After disassembling the respective part of the kernel it became
clear that the pointer in the 'object' field of the relevant
'vm_page_t' structure was NULL at the time and was beeing used
without checking it for NULL first.  Here's the section of code
where it happened (in vm_pageout.c:vm_pageout_scan()):

        /*
         * If the object is not being used, we ignore previous 
         * references.
         */
        if (m->object->ref_count == 0) {
                vm_page_flag_clear(m, PG_REFERENCED);
                pmap_clear_reference(m);

Now, the original assumption when this code had been written
may well have been that it can never happen that a page on the
inactive queue is _not_ associated with an object.  The crash
we experienced unfortunately proves the opposite.  And we also
found that other parts of the kernel certainly don't trust the
'object' field blindly.

>How-To-Repeat:
I have no idea how to repeat that condition.  We are running
several servers for over two years in production now, and this
was the first time it happend to us.  I speculate that the
'object' field being NULL is just a transitory state that
became apparent due to a race condition.  Otherwise it should
have hit us more frequently in the past.

>Fix:
Please consider adopting the patch below.  We take the pragmatic
approach and skip the page if it isn't associated with an object,
on the assumption that this state will be short-lived, and also
because in this context we wouldn't know what to do with a page
like this, anyway.  The patch deals with the scanning loops for
both the inactive and active queue.

--- vm_pageout.c.diff begins here ---
--- src/sys/vm/vm_pageout.c.orig	Mon Mar 11 16:48:15 2002
+++ src/sys/vm/vm_pageout.c	Mon Aug  2 13:30:57 2004
@@ -704,7 +704,7 @@
 		/*
 		 * A held page may be undergoing I/O, so skip it.
 		 */
-		if (m->hold_count) {
+		if (m->hold_count || m->object == NULL) {
 			s = splvm();
 			TAILQ_REMOVE(&vm_page_queues[PQ_INACTIVE].pl, m, pageq);
 			TAILQ_INSERT_TAIL(&vm_page_queues[PQ_INACTIVE].pl, m, pageq);
@@ -988,7 +988,8 @@
 		 */
 		if ((m->busy != 0) ||
 		    (m->flags & PG_BUSY) ||
-		    (m->hold_count != 0)) {
+		    (m->hold_count != 0) ||
+		    (m->object == NULL)) {
 			s = splvm();
 			TAILQ_REMOVE(&vm_page_queues[PQ_ACTIVE].pl, m, pageq);
 			TAILQ_INSERT_TAIL(&vm_page_queues[PQ_ACTIVE].pl, m, pageq);
--- vm_pageout.c.diff ends here ---
>Release-Note:
>Audit-Trail:
State-Changed-From-To: open->feedback 
State-Changed-By: kmacy 
State-Changed-When: Fri Nov 16 17:27:58 UTC 2007 
State-Changed-Why:  

This sounds more like a transitory bad memory issue. Have you seen this in recent releases? 
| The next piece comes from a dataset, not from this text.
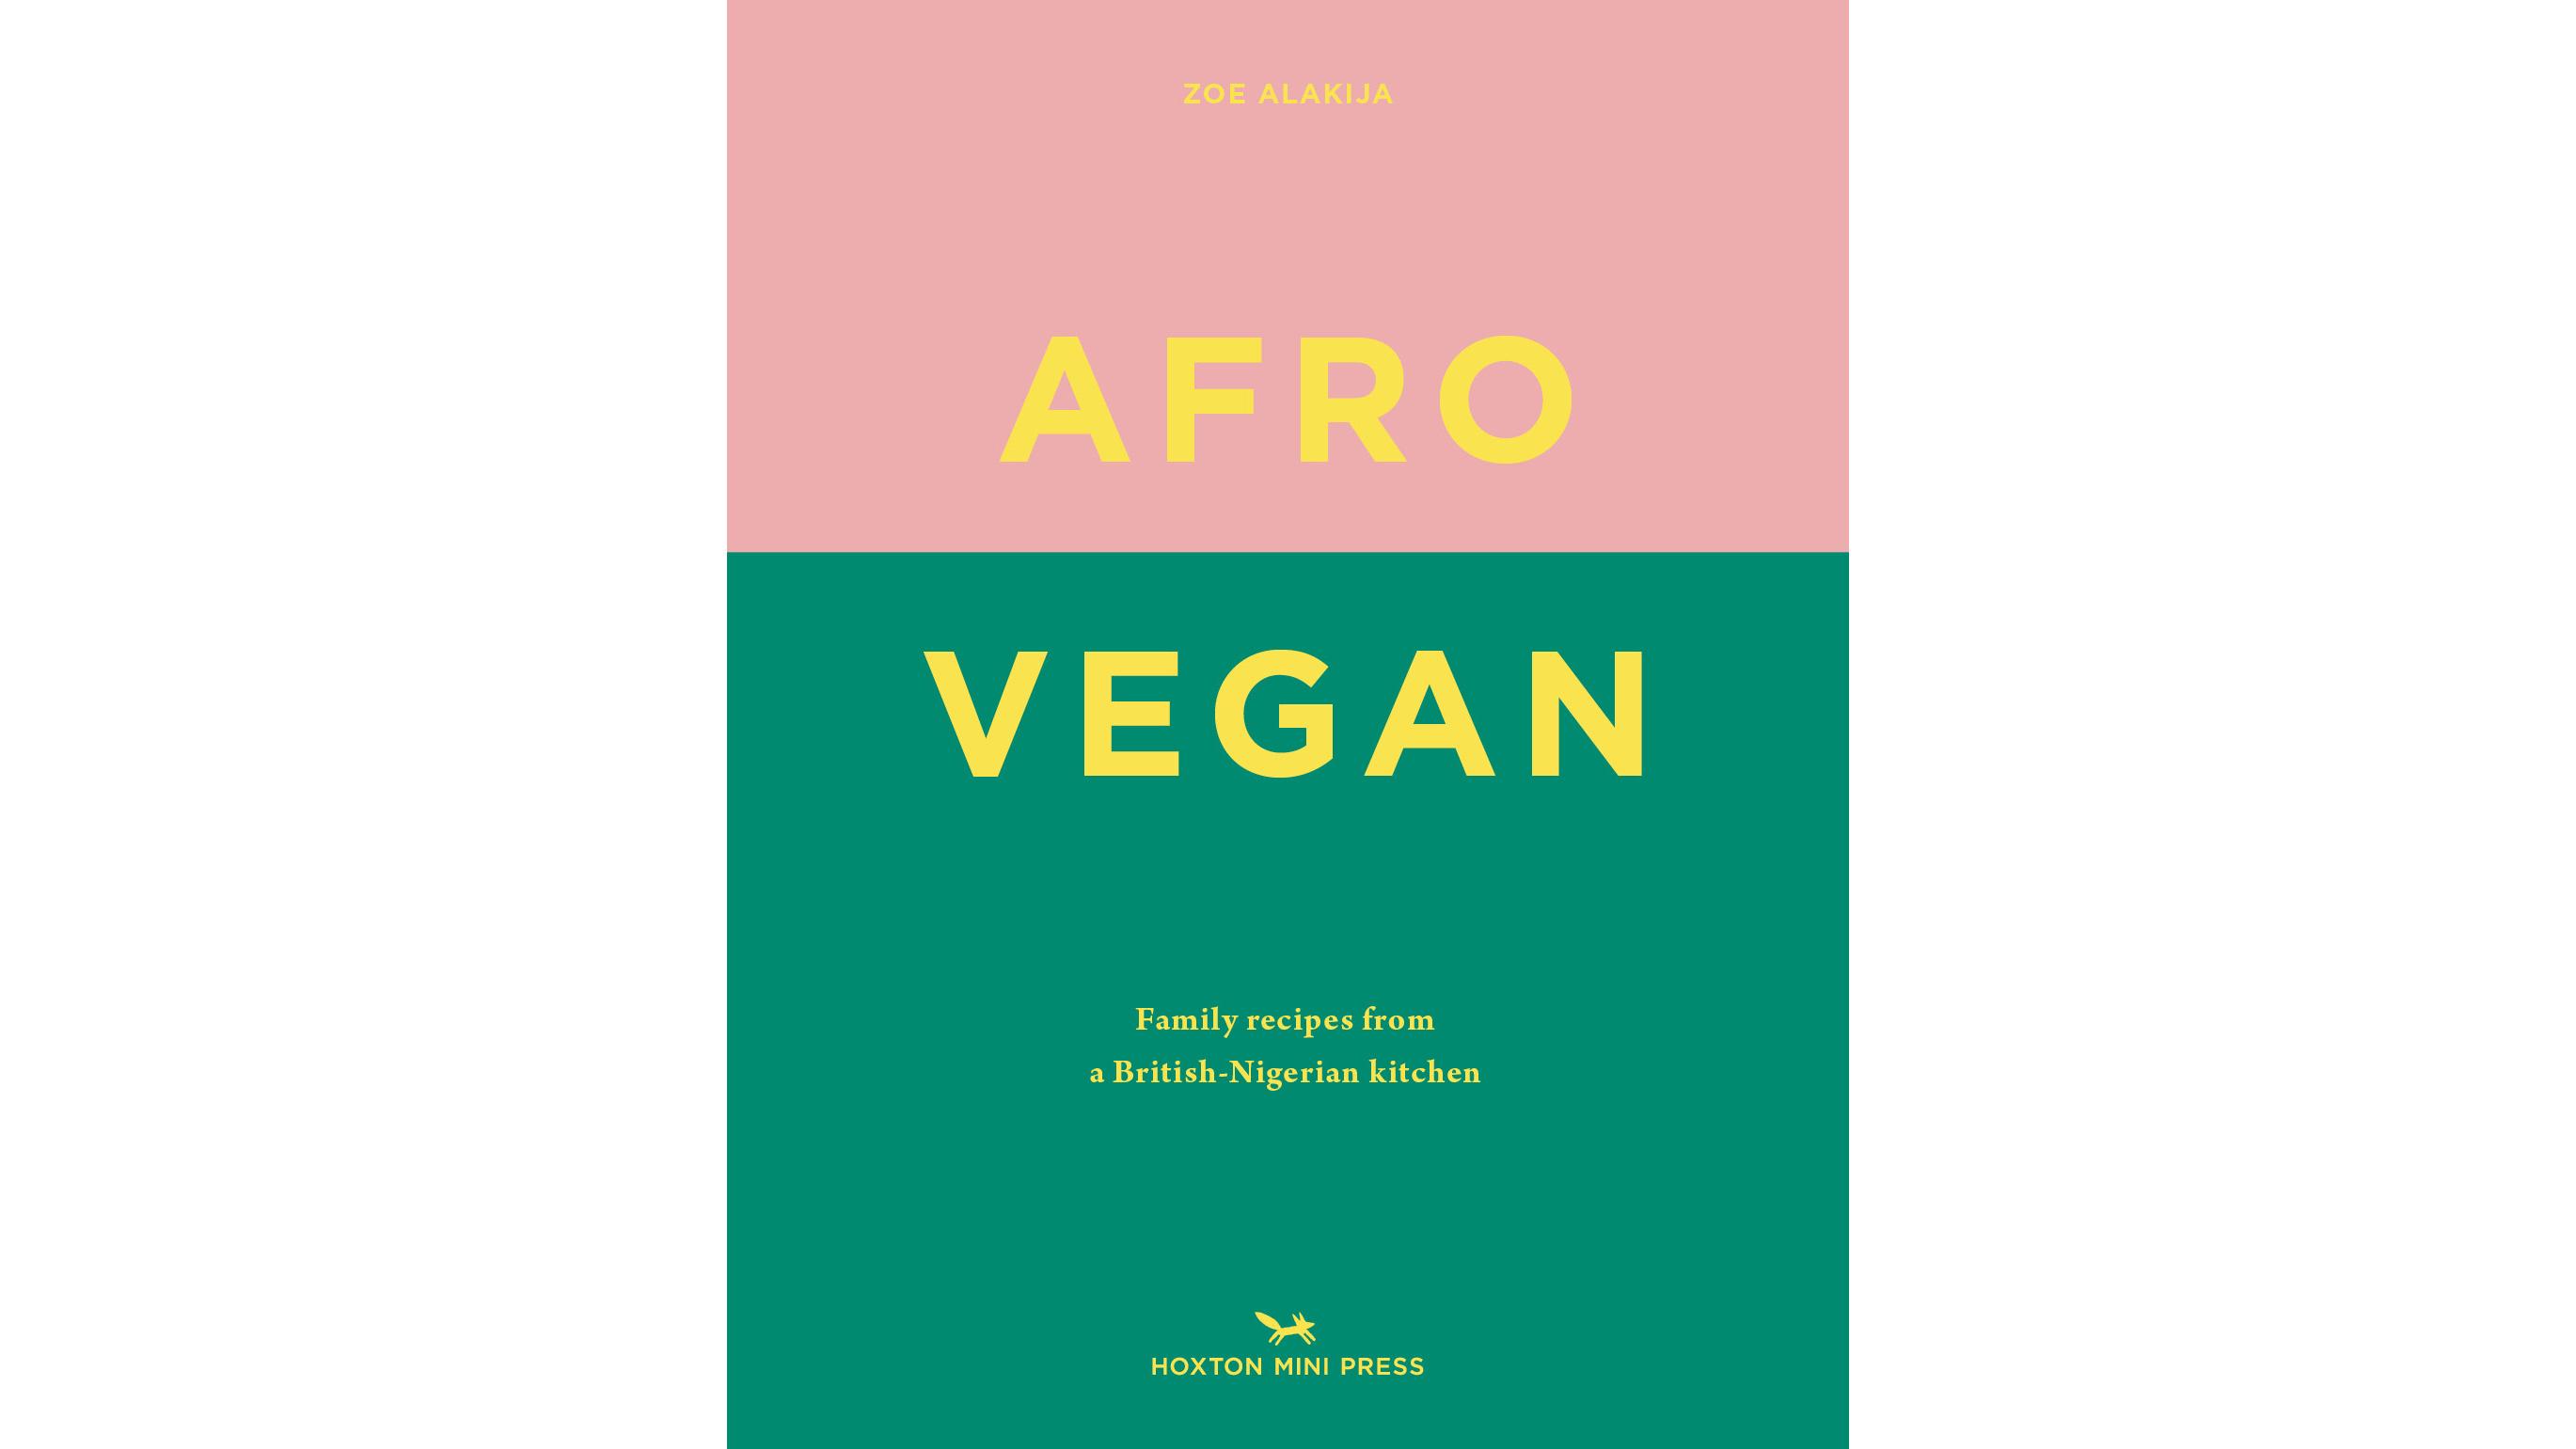 Afro Vegan by Zoe Alakija

http://www.freebsd.org/cgi/query-pr.cgi?pr=70587 
State-Changed-From-To: feedback->open 
State-Changed-By: kmacy 
State-Changed-When: Fri Nov 16 20:35:57 UTC 2007 
State-Changed-Why:  

Toss this over to alc to see if it is worth applying or should just be closed. 


Responsible-Changed-From-To: freebsd-bugs->alc 
Responsible-Changed-By: kmacy 
Responsible-Changed-When: Fri Nov 16 20:35:57 UTC 2007 
Responsible-Changed-Why:  

Toss this over to alc to see if it is worth applying or should just be closed.  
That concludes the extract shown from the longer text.